Earlier in her career, Amanda Goetz viewed her unrelenting determination as a “badge of honor.”
“I always took it as a sign of pride that I could push myself,” she says.
Goetz, 39, is a longtime marketing executive and two-time startup founder, as well as the creator of “Life’s A Game,” a popular newsletter for aspiring multi-hyphenates.
During the pandemic, Goetz kicked her career ambitions into high gear: she left her corporate job and built her second startup, CBD-based product company House of Wise, all while navigating a difficult divorce and solo-parenting her three small children.
From the outside, Goetz was thriving, but juggling all of her responsibilities with no breaks caused severe burnout, she says.
While raising capital for House of Wise, Goetz ended up in the hospital twice in one week from what she later learned were panic attacks.
“You can handle a lot, until your body just says ‘no,'” she says.
That was a pivotal moment for Goetz: “I realized that you can have it all, just not all at once, and I needed to shift things around and reprioritize my life.”
Finding time for “proactive rest”
Goetz describes her previous attitude toward work as “toxic grit,” which she defines as “hustle without intention.”
“So many of us, especially as ambitious people, are running towards these goals with no checkpoints to understand if that’s even still something we want,” she says.

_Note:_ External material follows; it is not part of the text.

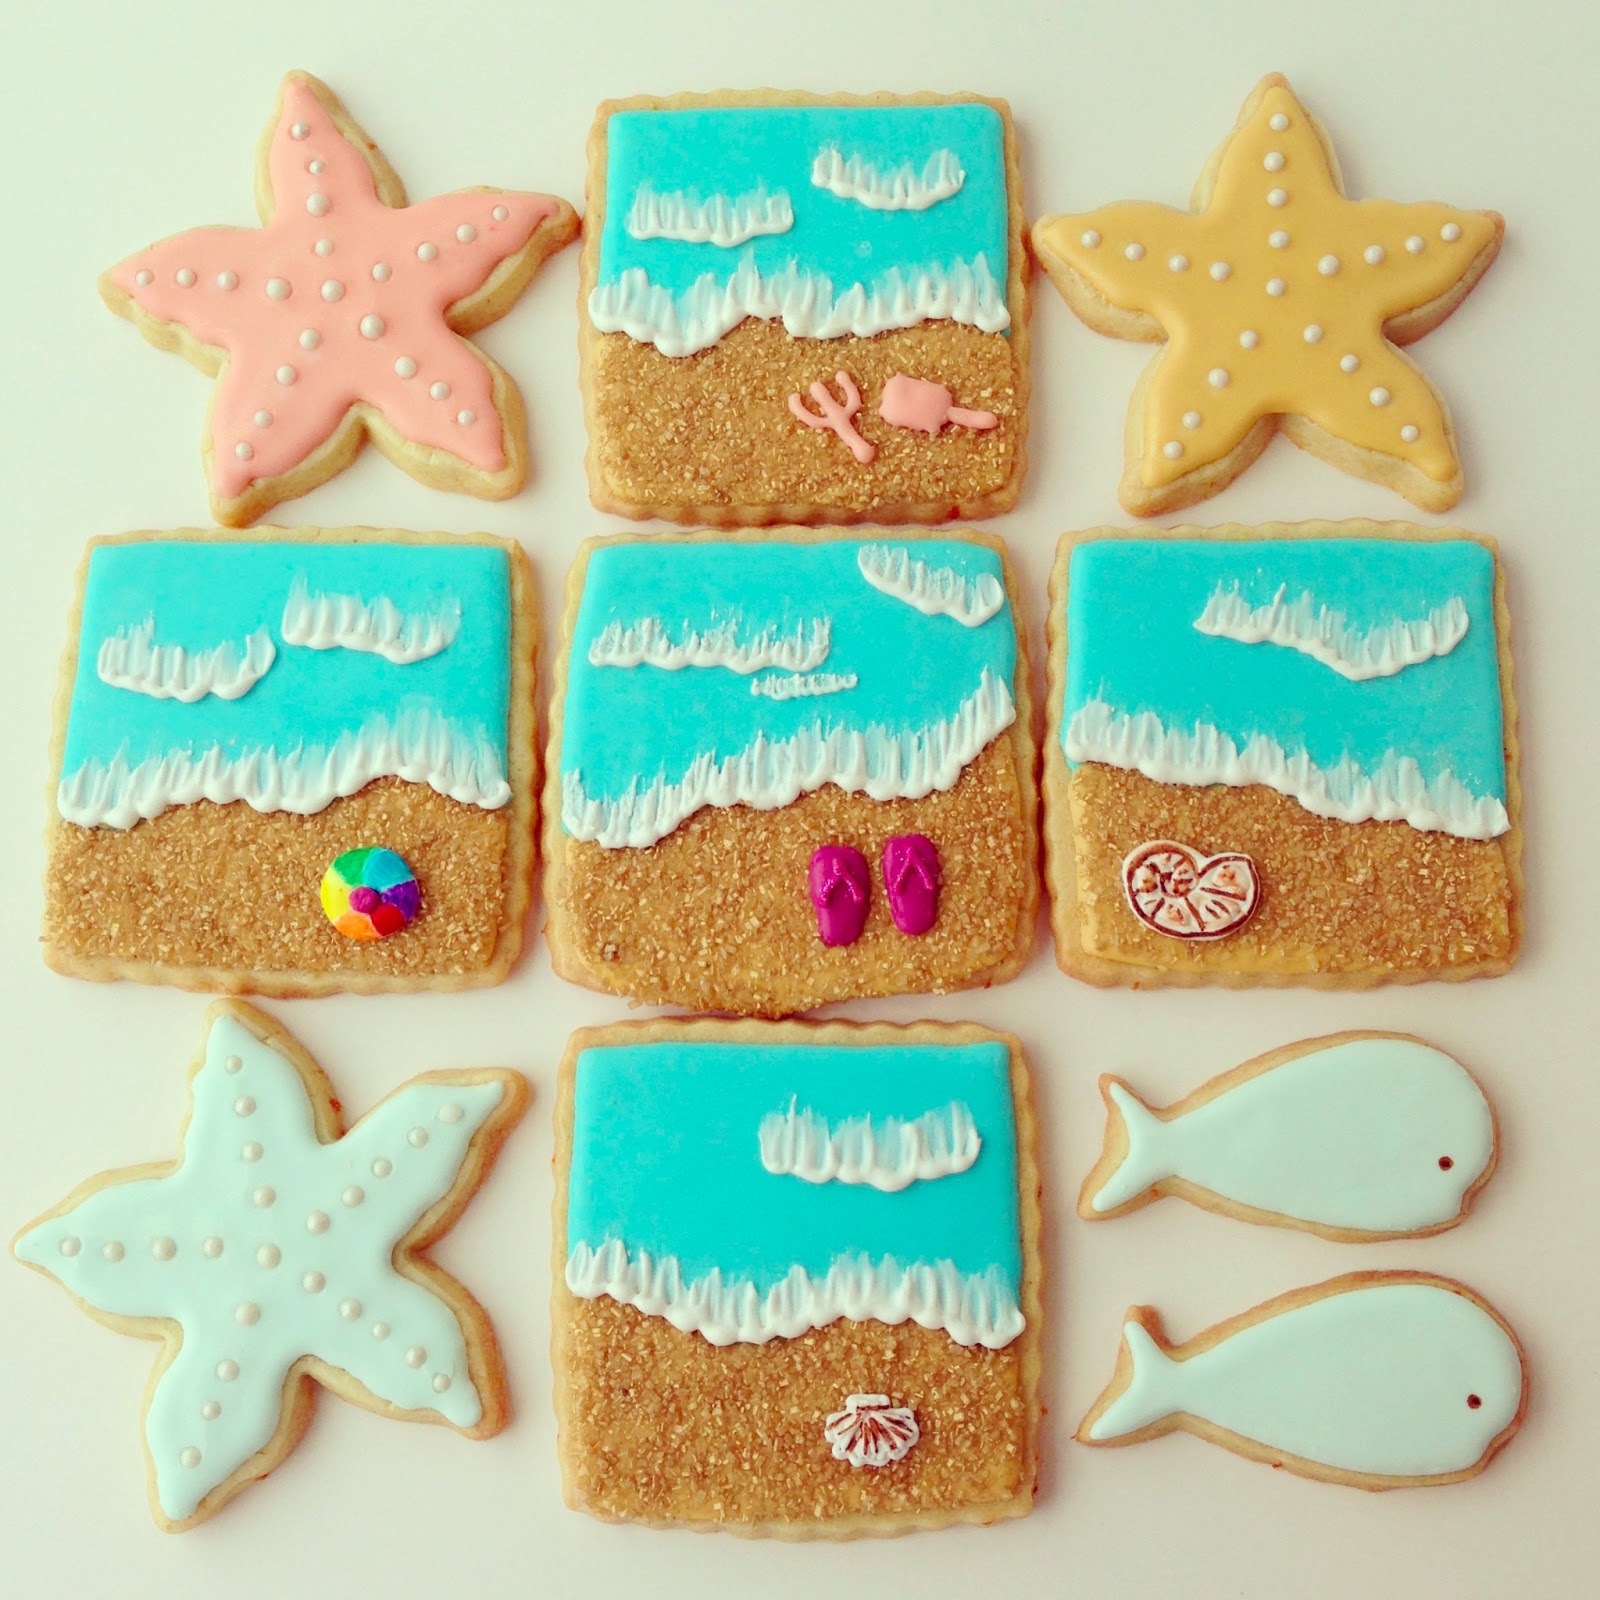 Askanam: Making beach themed cookies

In order to get a handle on her priorities, Goetz developed a new strategy for “sustainable ambition”: instead of working until she crashes, Goetz intentionally schedules periods of hard work and rest.
“I realized that I needed to alleviate the intensity that was happening in my life before my body would force me to do it,” she says.
According to Goetz, finding balance isn’t necessarily the goal: it’s natural, and often necessary, to adjust our priorities around big life events.
For example, Goetz is currently “hustling” ahead of publishing her first book, “Toxic Grit: How to have it all and (actually) love what you have,” which debuts in October. Afterwards, she plans to put work on the back burner for a couple months to relax and spend time with family.
“It’s about building a rhythm into your life of proactive rest instead of waiting until your body demands it,” she says.
Every few weeks, Goetz reevaluates which areas of her life she needs to invest more energy into. She’s found success in scheduling her work and rest cycles in a 2:1 cadence.
“It can mean two weeks of really pushing at work, and then one week where you kind of take the foot off the pedal and say, OK, I’m going to leave every day at 5 o’clock on the dot, I’m shutting my computer, and I’m going to go see friends,” she says.
Those “bare minimum” periods allow her to create space for the other important aspects of her life, she says.
“If I just let the ambitious side of myself call all the shots, I would work all the time,” she says. “But that’s not what I want for my full life.”